_WHAT TO PRODUCE_
The expected output is the full data, repeated exactly, without pictures.

_DATA_
• • •
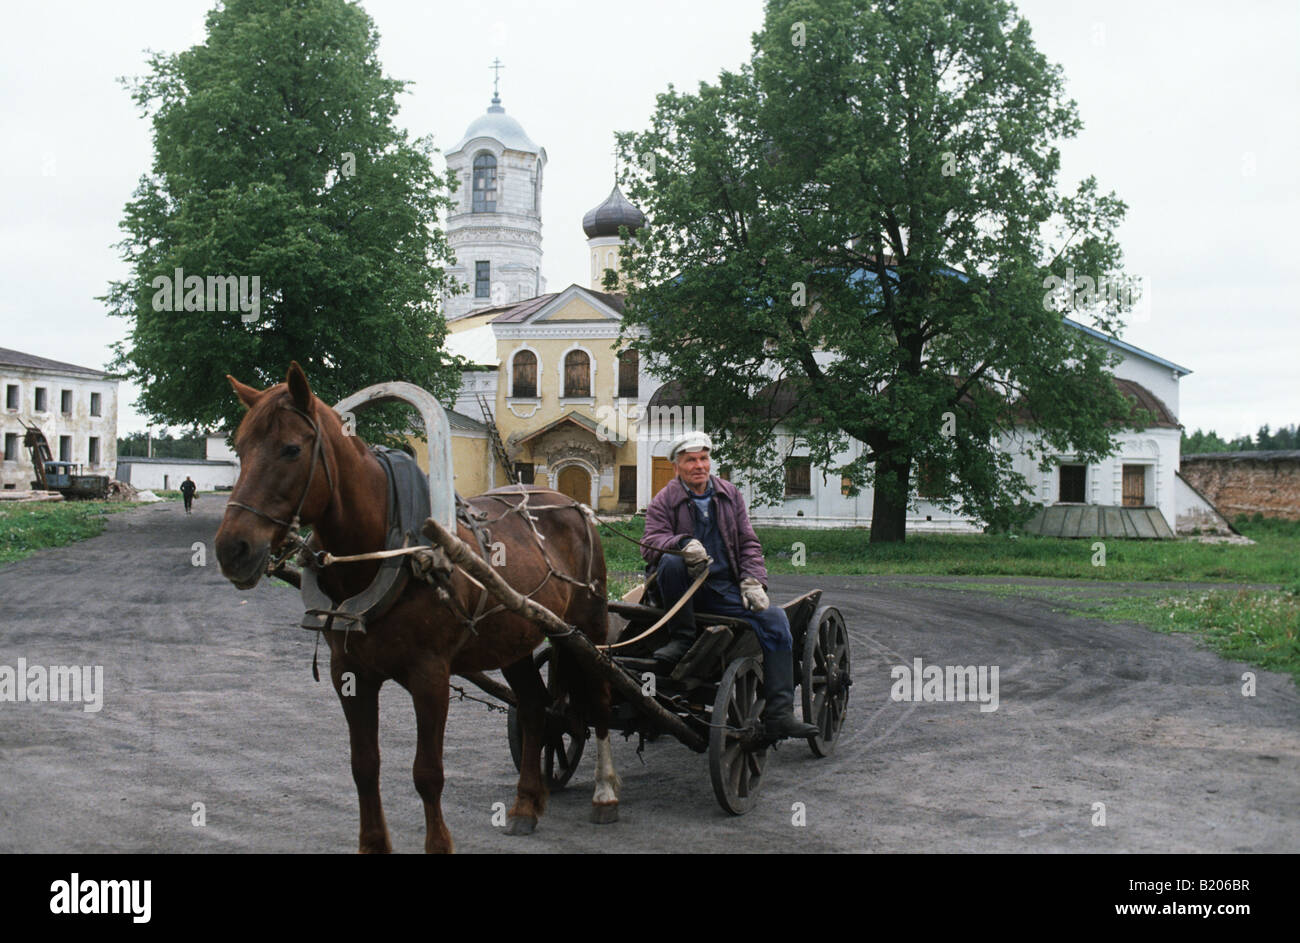 Il Alexander Svirsky monastero nr Lago Ladoga,Russia. Il suo cavallo e carrello con bidoni per il latte.It è diventata un gulag,Svirlag dopo 1917 Foto Stock
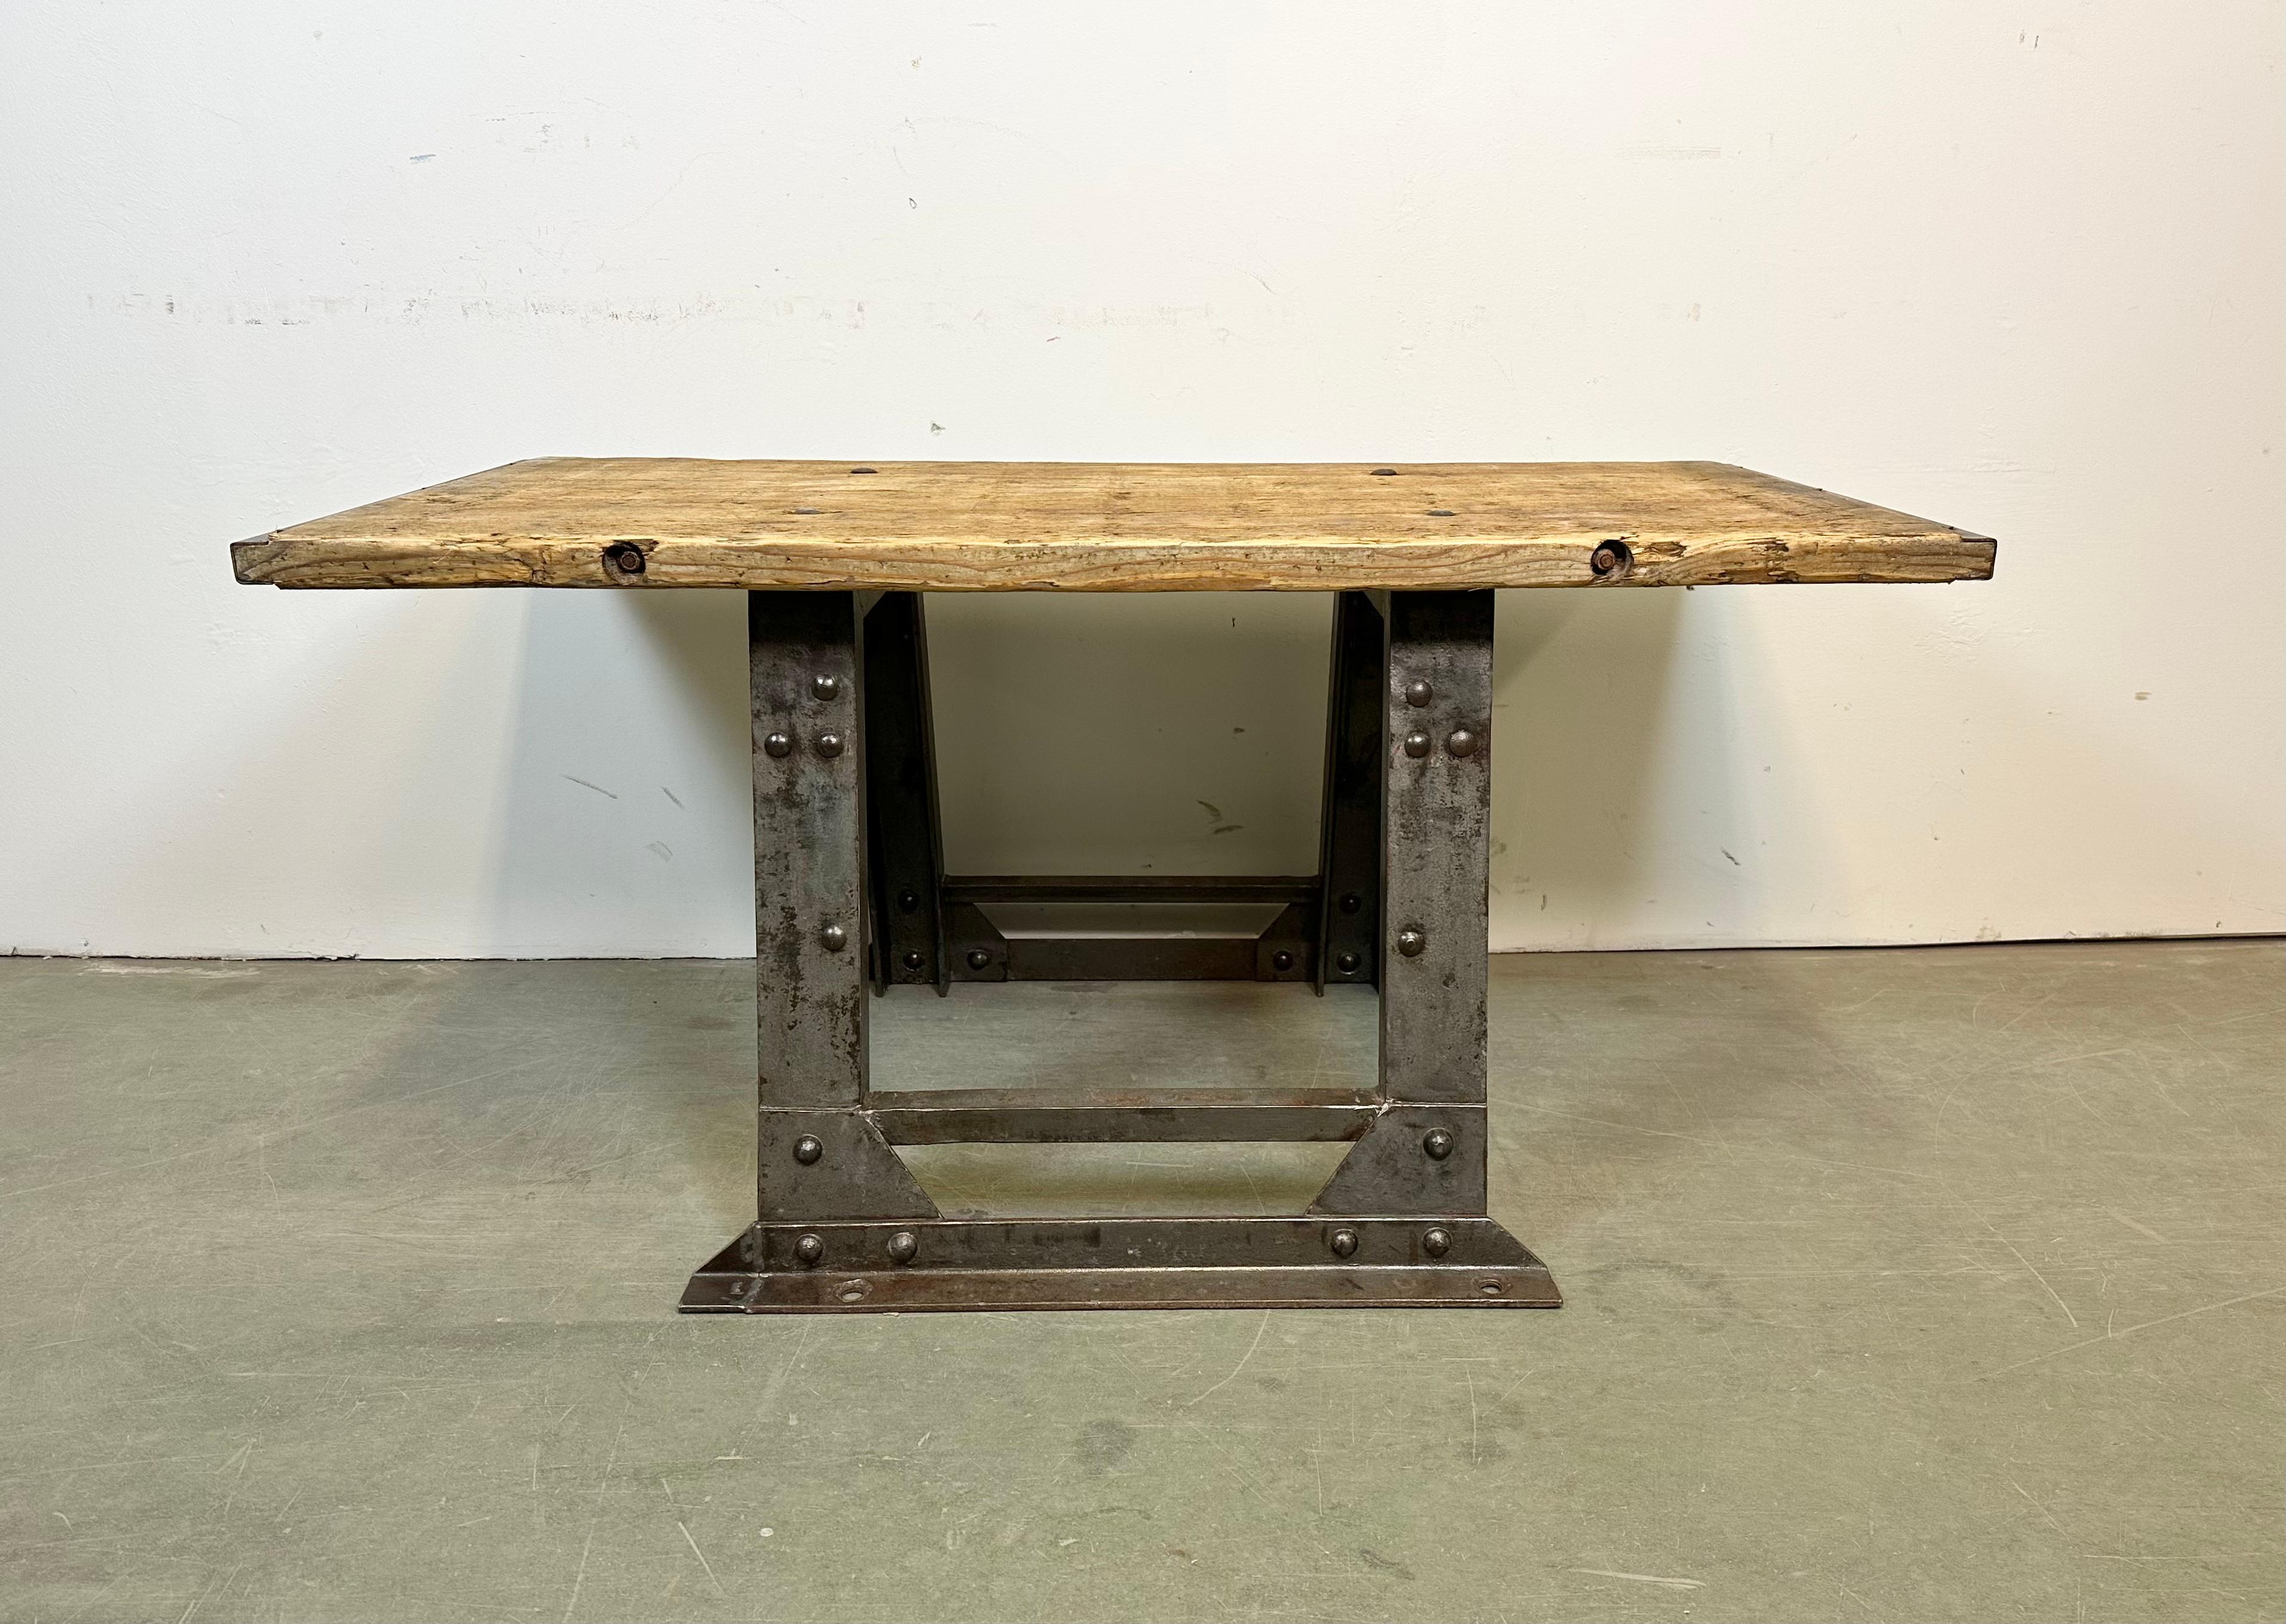 - Table basse industrielle vintage fabriquée dans les années 1960 
- Fabriqué en bois massif et en fer riveté 
- Le poids de la table est de 52 kg.
• • •
_ANSWER FOR THE TASK_
 Il Alexander Svirsky monastero nr Lago Ladoga,Russia. Il suo cavallo e carrello con bidoni per il latte.It è diventata un gulag,Svirlag dopo 1917 Foto Stock
 - Table basse industrielle vintage fabriquée dans les années 1960 
- Fabriqué en bois massif et en fer riveté 
- Le poids de la table est de 52 kg.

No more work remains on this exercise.